Casi inmediatamente después de haber recibido la nota, la policía se puso en contacto con la oficina central de Google en los Estados Unidos para establecer si alguien había accedido a la cuenta de Gmail. El gigante de internet escaneó los registros de su base de datos e informó a los detectives que la cuenta dirkstruan1840@gmail.com había sido creada el 30 de mayo desde un servidor de internet conectado al Aeropuerto O’Hare de Chicago. 

Aquella misma noche, los datos de Google revelaron que alguien había entrado en la cuenta de correo electrónico tres veces esa tarde: dos desde una computadora de una biblioteca al norte de Sidney y una tercera vez desde una tienda de video cercana.

Como Google informó a los detectives de los momentos precisos en que se había utilizado la cuenta, la policía pudo ver la grabación de seguridad del estacionamiento de la biblioteca y señalar con exactitud la llegada de un posible sospechoso y el automóvil que manejaba, un Range Rover dorado metalizado. Aunque la matrícula era ilegible, los detectives consiguieron una imagen del hombre que había bajado de ese coche y entrado en la biblioteca. 

Maddie le había dicho a la policía que el atacante no era joven. Había notado que tenía vello grisáceo en el pecho cuando se acercó a colocarle el collarín. A través de los agujeros del pasamontañas, había visto algunas arrugas. Se aventuró a decir que tendría entre 55 y 60 años. El hombre que aparecía en el video correspondía con esta descripción y además vestía camisa y pantalón similares a los que recordaba Maddie. 

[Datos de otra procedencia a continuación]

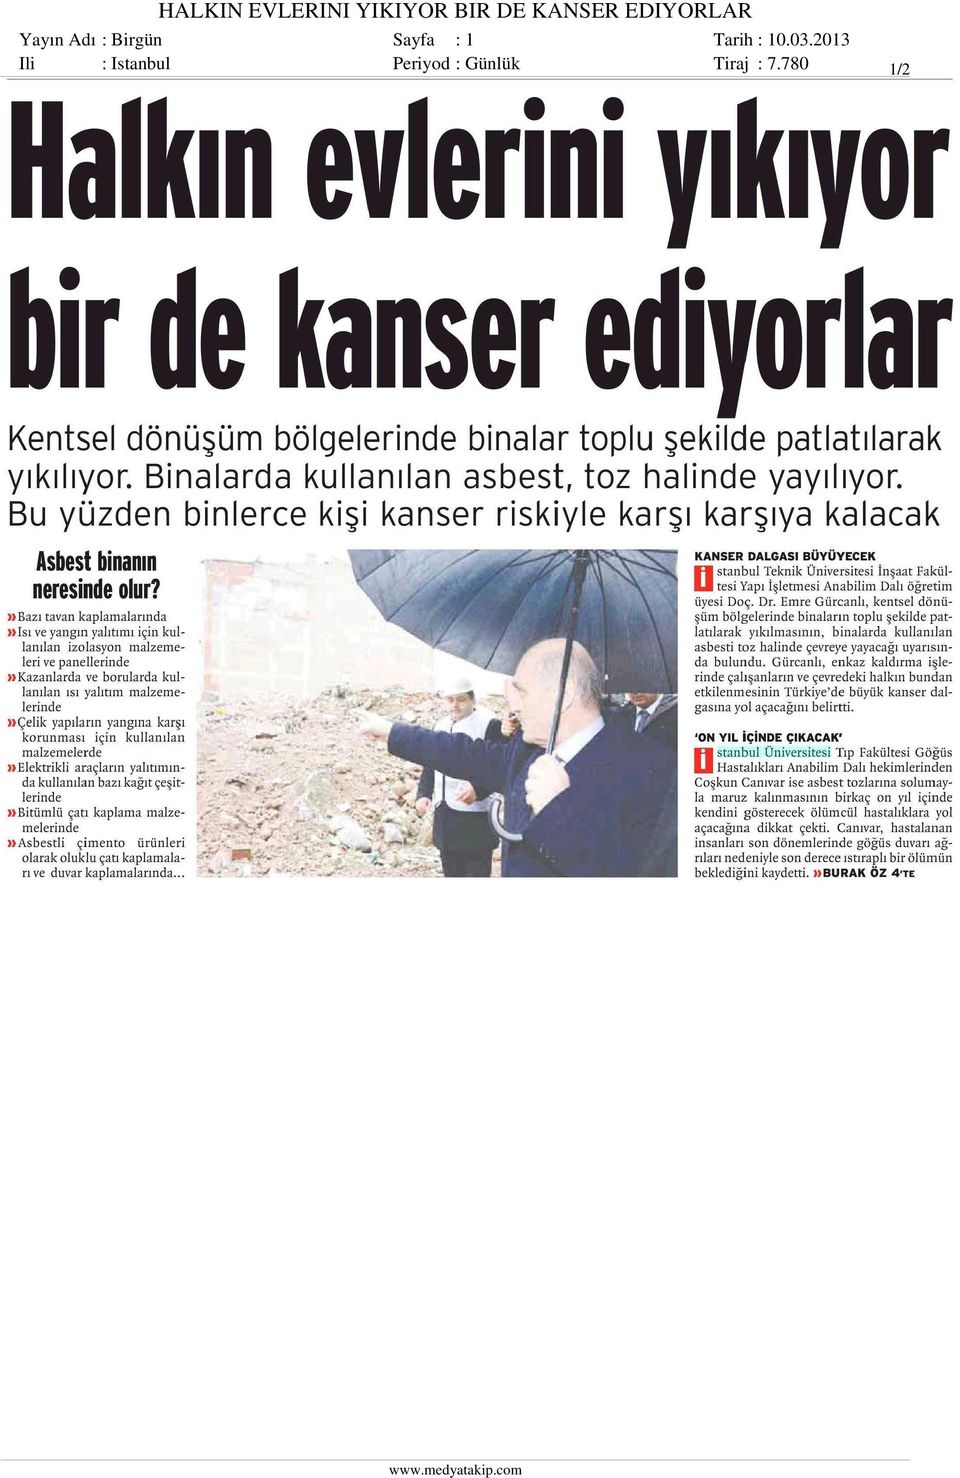 Birgün Sayfa : 1 Ili : Istanbul

Luego, a partir de los datos de registros automovilísticos, examinaron sistemáticamente los detalles de cada posible Range Rover con fotos de las licencias de conducir de sus propietarios. A las 48 horas de haber conseguido el informe llegaron a un nombre: Paul Douglas Peters. 

Con ese dato, los detectives pudieron seguir una pista sobre movimientos de dinero que aportó más conexiones al caso que investigaban. Los registros bancarios de Peters mostraban que había hecho compras en una tienda de ropa y deporte semanas antes del ataque a Maddie. Los datos del centro de compras indicaban que había comprado un bate de béisbol y un pasamontañas con los colores del arco iris. 

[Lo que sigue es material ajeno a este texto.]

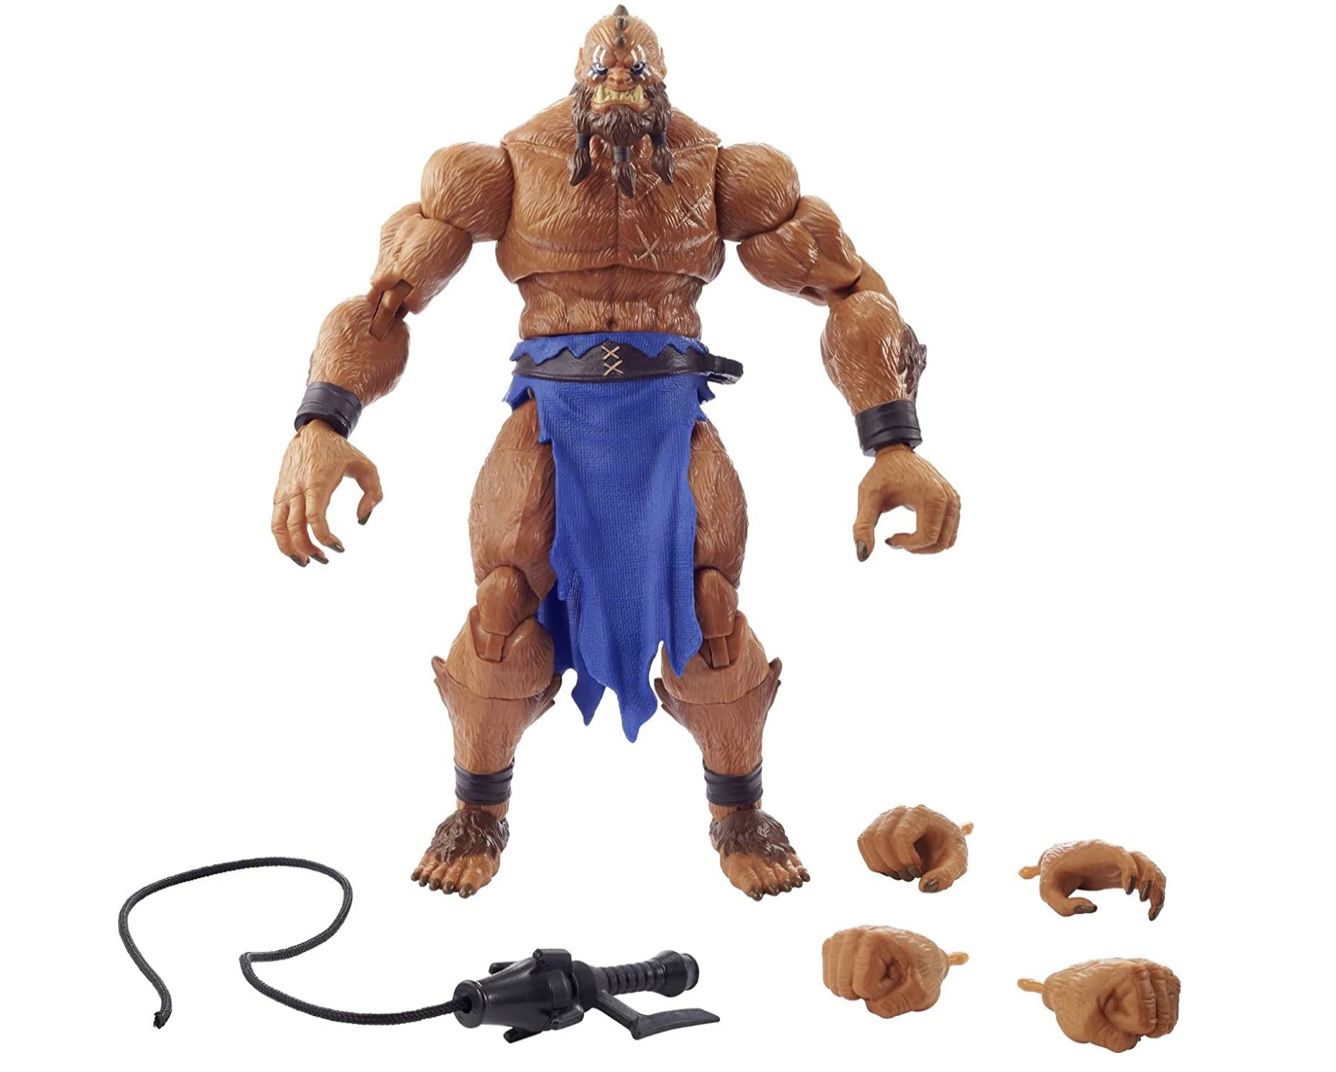 Masters of the Universe GYV16   Beast Man Actionfigur für 12,73€ (statt 18€)   Prime

La policía también descubrió que Peters tenía títulos académicos en economía y derecho; era empresario, padre de tres hijos y se proclamaba a sí mismo escritor. Había planificado la elaborada extorsión paso a paso, como al escribir una novela.

Tenían elementos suficientes para detener a Peters e interrogarlo, excepto por un detalle: ya había abandonado el país. Los registros de seguridad y migraciones mostraron al australiano de 52 años en el Aeropuerto de Sidney rumbo a Los Angeles el 8 de agosto. En los datos de los vuelos podía verse que Peters había tomado luego una conexión a Chicago antes de volar a Louisville, Kentucky. 

Doce días después del ataque a Maddie, el 15 de agosto, un equipo del FBI irrumpió en la casa de la ex mujer de Peters en Kentucky, donde encontraron al hombre que buscaban. Allí, sobre una mesa, había una novela de James Clavell, Tai-Pan. 

El sargento Andrew Marks voló desde Australia a Louisville para interrogar a Peters. En una sala, ya en el cuartel central del FBI, desenmascaró al sospechoso.

Marks: ¿Hay algo que quiera decir acerca de la extorsión, el secuestro y la bomba colocada en el cuello de la joven Madeleine Pulver ocurrido el 3 de agosto?

Peters: No.

Marks: ¿Es responsable de lo sucedido?

Peters: No.

Marks: ¿Sabe algo acerca de una dirección de correo electrónico con este nombre, Dirk Struan?

Peters: Sí.

Marks: ¿Qué puede decirme acerca de eso?

Peters: Yo tenía una… o había configurado una dirección de correo electrónico con… Dirk Struan. 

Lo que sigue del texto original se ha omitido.